[Data listing Boundary: Start]

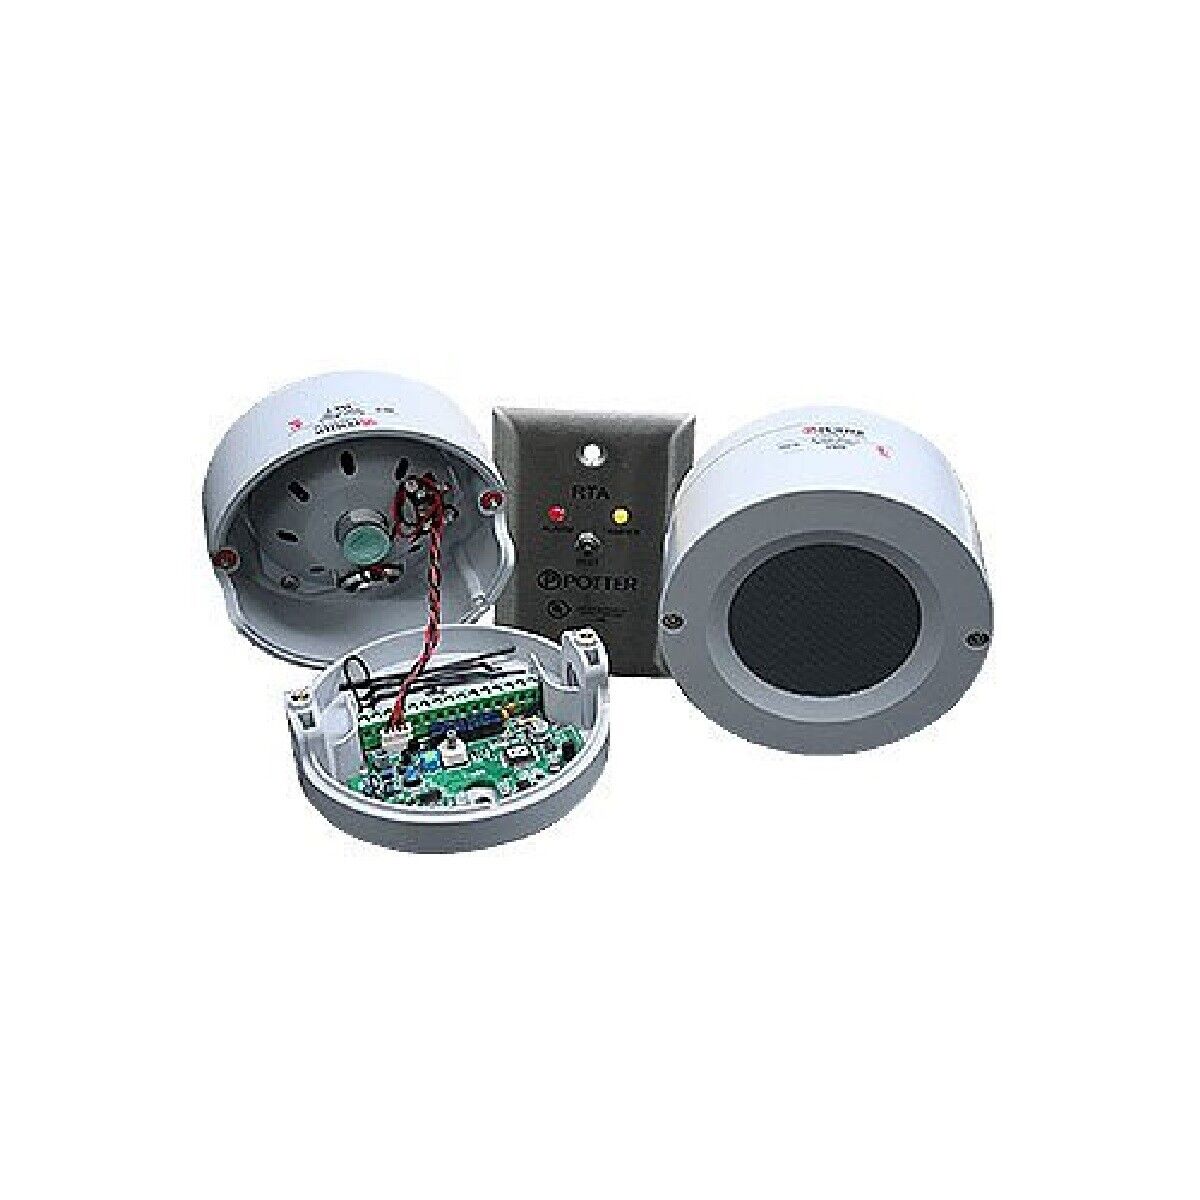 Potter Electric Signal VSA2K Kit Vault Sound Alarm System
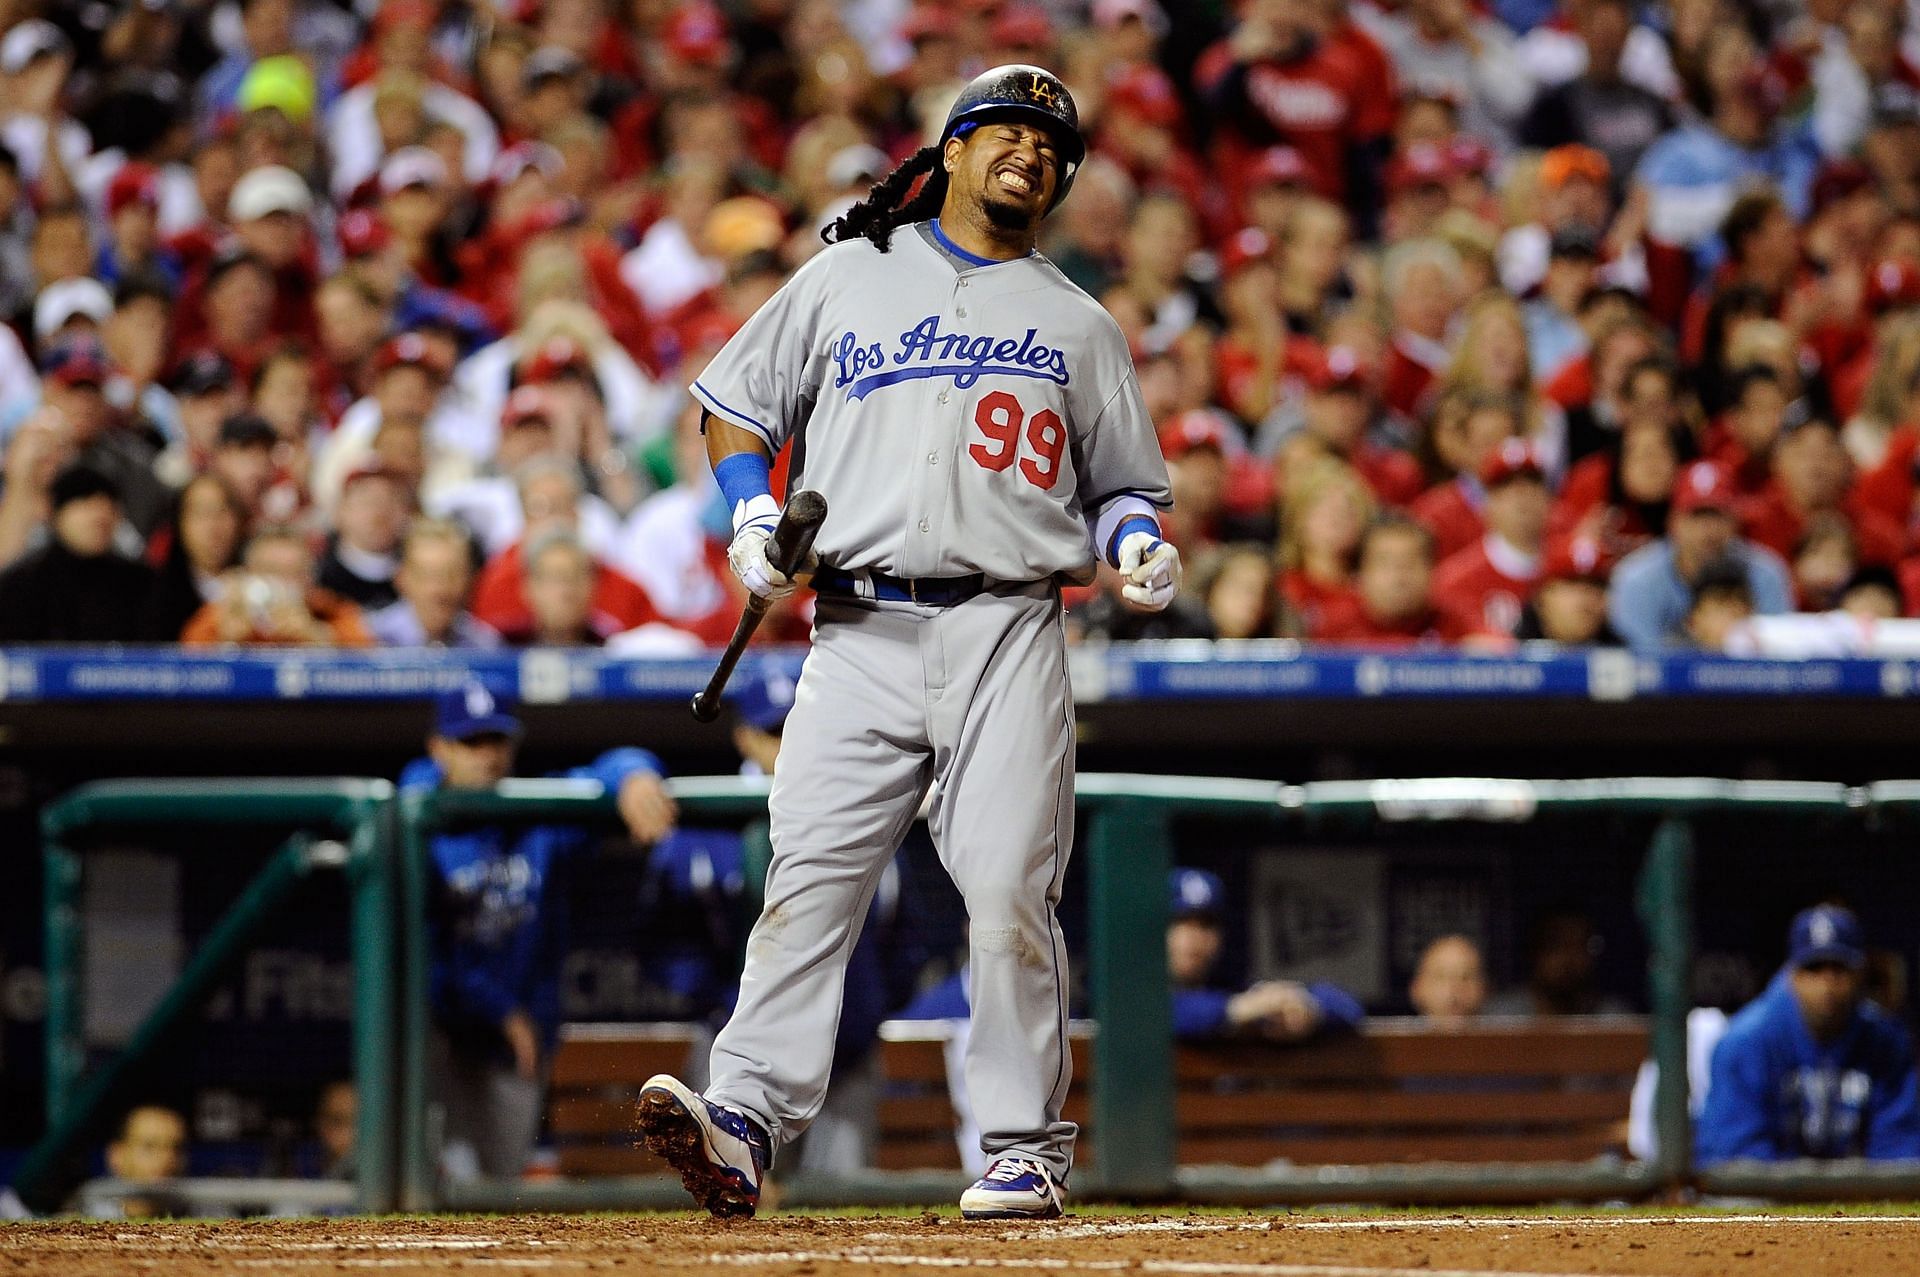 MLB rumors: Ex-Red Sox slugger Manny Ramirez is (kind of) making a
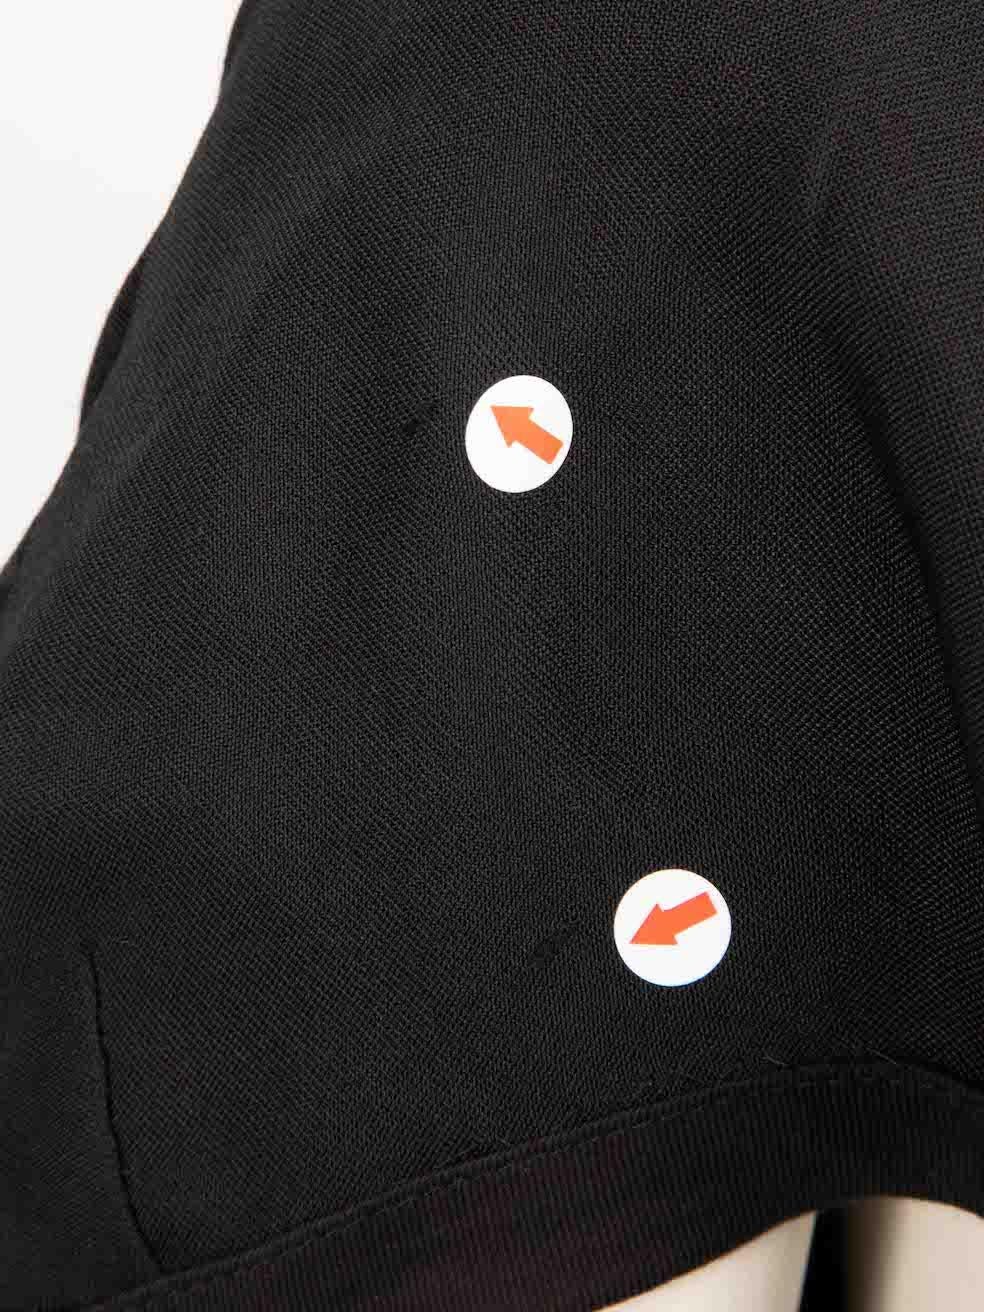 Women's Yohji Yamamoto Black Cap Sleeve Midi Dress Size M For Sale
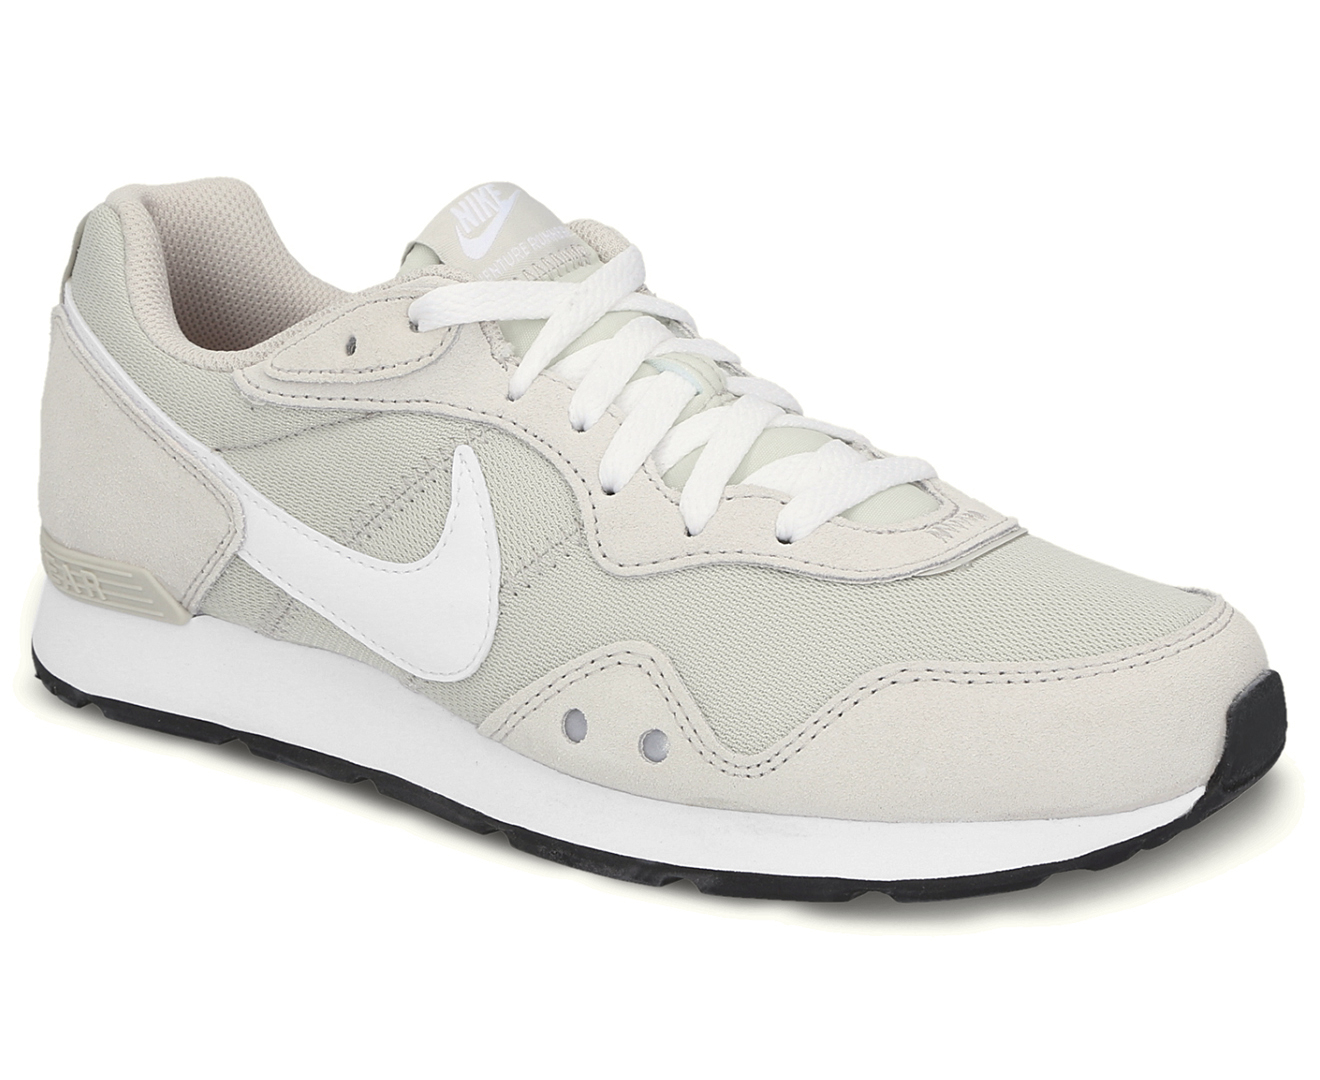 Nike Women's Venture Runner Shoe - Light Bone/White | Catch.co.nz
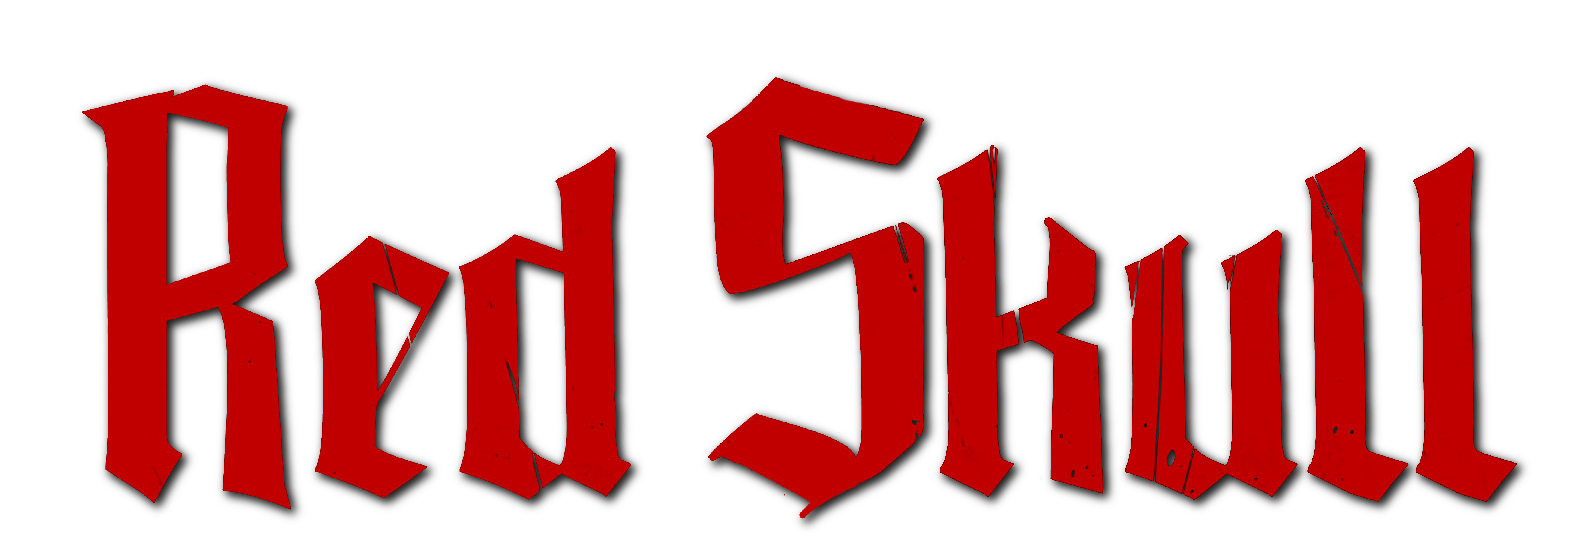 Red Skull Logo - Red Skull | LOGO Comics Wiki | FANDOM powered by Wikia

[Data listing Boundary: End]

**Instructions for the task**
Could every entry above be printed again exactly, images excluded?

**Worked solution**
 Potter Electric Signal VSA2K Kit Vault Sound Alarm System
 MLB rumors: Ex-Red Sox slugger Manny Ramirez is (kind of) making a
 Women's Yohji Yamamoto Black Cap Sleeve Midi Dress Size M For Sale
 Nike Women's Venture Runner Shoe - Light Bone/White | Catch.co.nz
 Red Skull Logo - Red Skull | LOGO Comics Wiki | FANDOM powered by Wikia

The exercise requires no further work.